Distributed algorithms may allow sharing of information among taps
120. In such a case, taps 120 may have a globally synchronized
clock that allows information from multiple taps 120 to be
combined. A clock resolution of the taps 120 may be finer than the
data sampling resolution of the taps 120, so that information about
transmissions (e.g., the start time, duration, inter-transmission
gap, and even the presence of short transmissions) is not
missed.
[0036] A tap 120 (or a network of taps 120) should store the
transmissions that it detects for a sufficient amount of time. For
example, the round-trip time of a transport layer flow cannot be
determined if the history that may be stored at tap 120 is less
than one roundtrip time. The total volume of data that must be
stored depends on the capacity of the link 115 and the maximum
round-trip time of flows seen on the link 115. Taps 120 may assign
a unique identifier to each sender 110, for example, based on the
address of the IPsec gateway. Taps 120 in the network 100 may
assign the same unique identifier to any given sender 110.
Exemplary Wireless Network
[0037] FIG. 2 is a diagram illustrating an exemplary wireless
network 200 according to an implementation consistent with the
present invention. The wireless network 200 may include a number of
wireless nodes 210 and one or more wireless taps 220. The wireless
nodes 210 may communicate via wireless transmission, either
point-to-point or, more typically, broadcast transmission. The
wireless tap 220 may have an associated area 225 in which it may be
able to intercept wireless transmissions.

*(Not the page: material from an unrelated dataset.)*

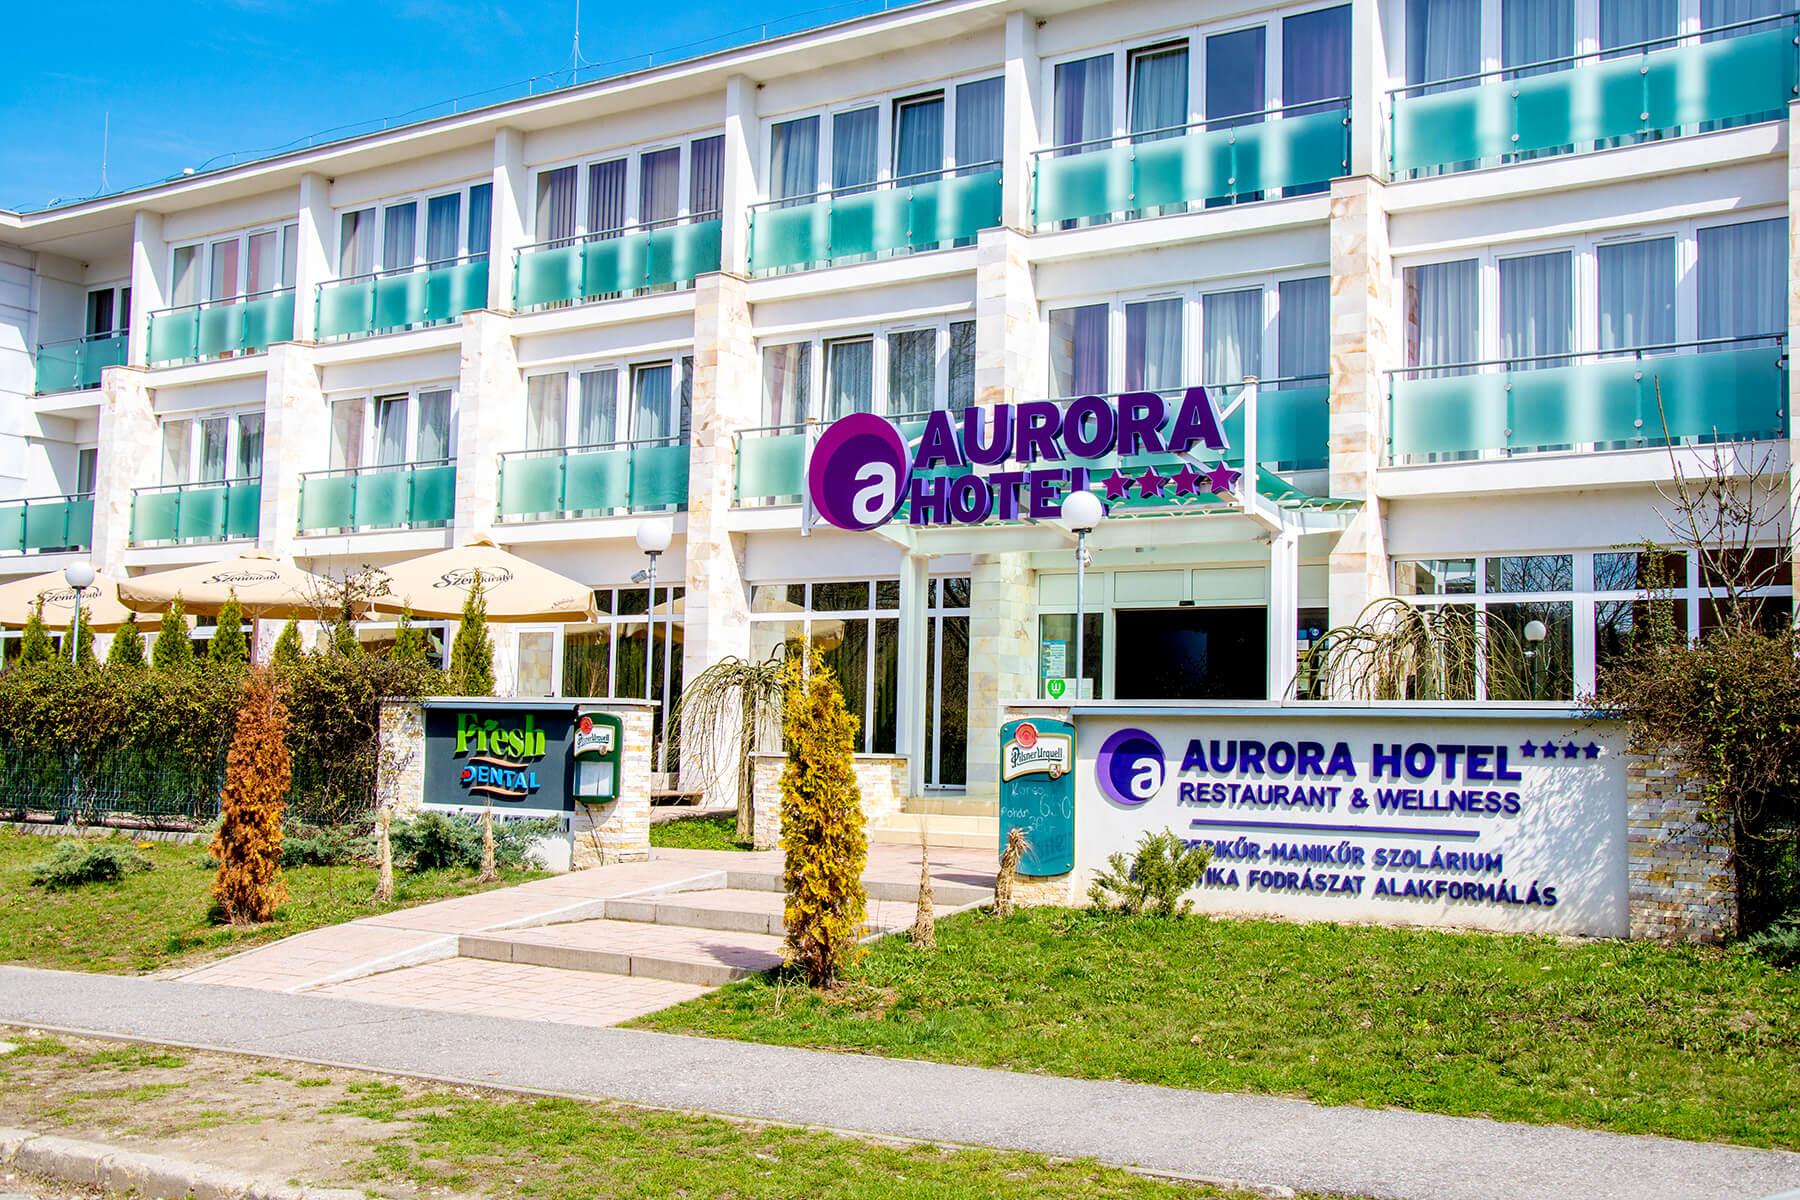 hotel-aurora3.jpg

[0038] Although six nodes 210 and one tap 220 are shown in FIG. 2,
this is purely exemplary. Wireless network 200 may include any
number and configuration of nodes 210 and taps 220. The behavior
and operation of the wireless nodes 210 and the wireless tap 220,
where similar to the network nodes 110 and tap 120 described above,
will not be repeated.
[0039] Wireless nodes 210 may communicate via chunks of data that
are transmitted by senders 210. Senders 210 may transmit using
various types of wireless physical layers, such as terrestrial RF,
satellite bands, and free space optical. Nodes n1-n6 may be, for
example, radio routers or client radios in the wireless network
200.
[0040] Wireless tap 220 is a device that may intercept wireless
transmissions on the network 200. Unlike tap 120, which may detect
chunks of data only on a certain link 115, wireless tap 220 may
observe some (potentially very large) fraction of the wireless
spectrum, and thus may see transmissions from a wide range of
senders 220. As shown in FIG. 2, tap 220 may have a limited
effective reception range. Dashed line 225 indicates an effective
reception area through which tap 220 may receive communications
from the nodes. As shown, nodes n1 and n2 are out of the effective
reception area and will not be monitored by tap 220. Nodes n3-n6,
which are within the range 225, may be monitored by tap 220. The
tap 220 may include, for example, a transceiver for sensing the
chunks of data and may also include other circuitry (e.g., clock
circuitry) for determining times of arrival and duration of the
chunks. The tap 220 may include a processor for computing any other
information (e.g., the sending or receiving node) associated with
the chunks, such as information contained within physical
characteristics of the chunk of data.
[0041] Wireless tap 220 also may record information about all the
chunks that it observes in a tracefile. The tracefile may contain a
minimum amount of information for each observed chunk. For example,
the information may include the time the chunk was seen and the
identity of the sender 210 of the chunk. The identity of the sender
210 may include, for example, an RF signature, the location of a
radio transmitter 210, or "the same sender 210 as the one that also
sent these other chunks." If available, the tracefile may also
include additional information about the length or duration of the
chunk, the destination node 210, or any insight into the contents
of the chunk. Other information that may be available is the
geographic location of the tap 220, as determined by, for example,
a global positioning system (GPS) receiver.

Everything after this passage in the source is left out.